Many have expressed concerns that breeding heifers this young will lead to problems with dystocia, reduced milk production, lack of maturity, and increased culling rates.  I have clients who have been on this intensive program for close to 20 years and they have experienced just the opposite.  Following is a graph from a dairy that shows the 305 ME on first calf heifers by the age at first calving:

As you can see from the graph, there was no reduction in milk production for those heifers that calved earlier when compared to heifers calving at 24 months or greater.  We have also noticed that the longevity in the herd is greater because these heifers are producing more milk and as a result, are less likely to be culled.  Since these animals are all of sufficient size and weight at breeding, there is no issue with not being able to compete with other animals at the feed bunk after calving.

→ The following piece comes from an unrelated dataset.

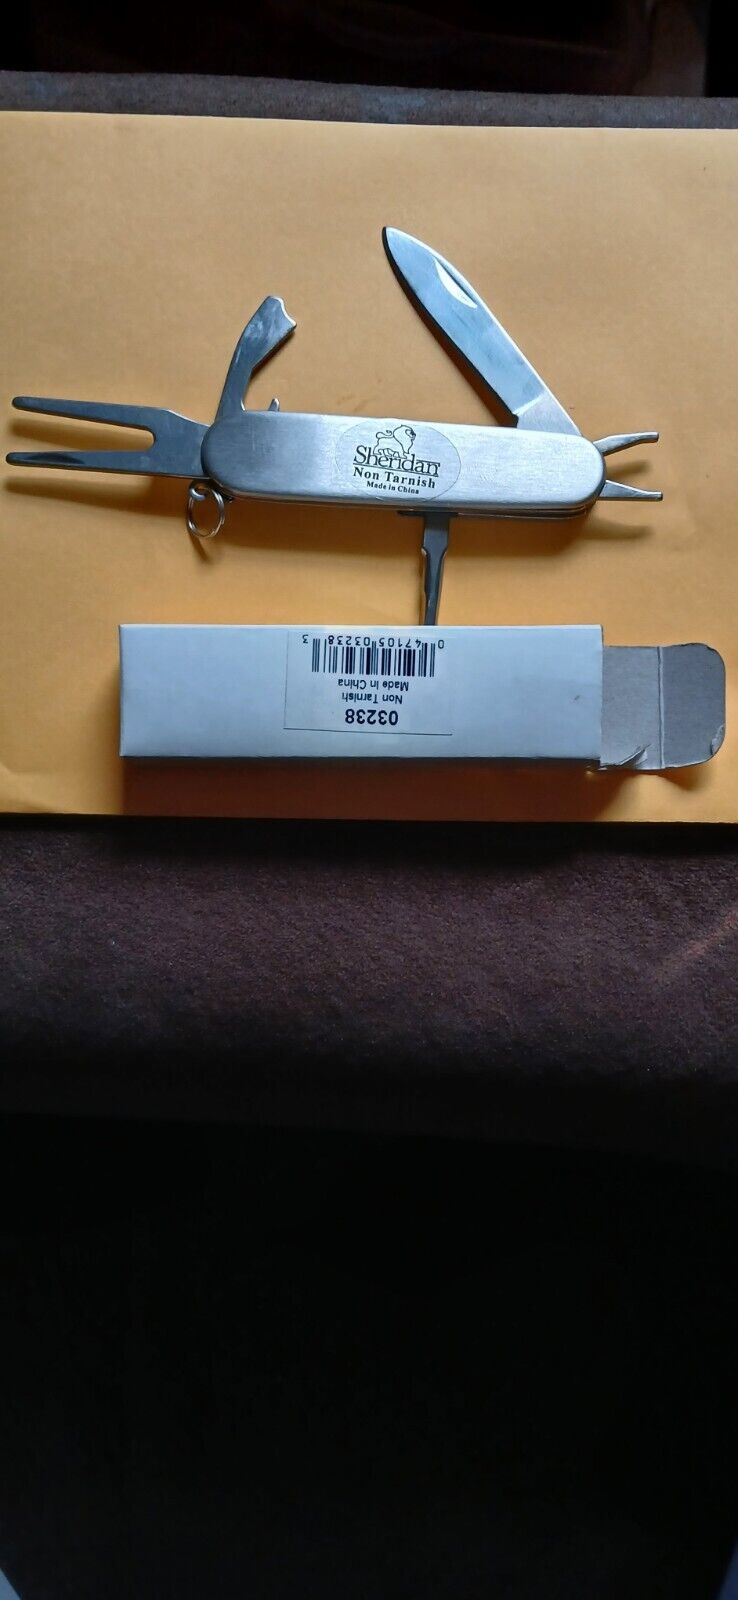 Sheridan Non-Tarnish Pocket Knife -Multitool-New In Box

An intensive heifer feeding program is another way to improve efficiency and profitability on the dairy by reducing costs per pound of gain, decreasing morbidity and mortality rates, and increasing milk production in first-lactation animals, as well as subsequent lactations.  It is important that body condition be monitored at all stages to ensure that the rations are formulated correctly to maximize frame growth and muscle deposition without becoming over-conditioned. Most dairies have an excellent genetics program in place and carefully select the bulls they want to use to improve the genetic base in their herd.  However, the only way to reap the full benefits of the genetics program is to allow each animal the opportunity and ability to reach their full genetic potential through proper management and nutrition.
A well-designed growing diet can help heifers reach puberty and first breeding at younger ages, with benefits including better health, longevity and return on investment.